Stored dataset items
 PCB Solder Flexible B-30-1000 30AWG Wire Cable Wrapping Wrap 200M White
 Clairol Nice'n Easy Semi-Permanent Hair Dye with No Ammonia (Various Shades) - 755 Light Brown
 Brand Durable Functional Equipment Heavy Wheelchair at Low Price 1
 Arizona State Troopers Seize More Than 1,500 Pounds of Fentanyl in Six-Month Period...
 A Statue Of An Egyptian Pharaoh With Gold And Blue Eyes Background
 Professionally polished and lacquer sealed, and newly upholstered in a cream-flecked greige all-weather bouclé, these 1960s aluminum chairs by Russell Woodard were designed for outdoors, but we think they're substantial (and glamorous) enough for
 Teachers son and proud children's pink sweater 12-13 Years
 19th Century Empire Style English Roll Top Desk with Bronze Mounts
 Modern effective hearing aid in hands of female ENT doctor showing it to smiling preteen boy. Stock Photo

_Your assignment_.
What you return should be exactly the lines above, starting at the one with "Clairol Nice'n Easy" and ending at the one with "A Statue Of", and nothing else.

_Written response_.
 Clairol Nice'n Easy Semi-Permanent Hair Dye with No Ammonia (Various Shades) - 755 Light Brown
 Brand Durable Functional Equipment Heavy Wheelchair at Low Price 1
 Arizona State Troopers Seize More Than 1,500 Pounds of Fentanyl in Six-Month Period...
 A Statue Of An Egyptian Pharaoh With Gold And Blue Eyes Background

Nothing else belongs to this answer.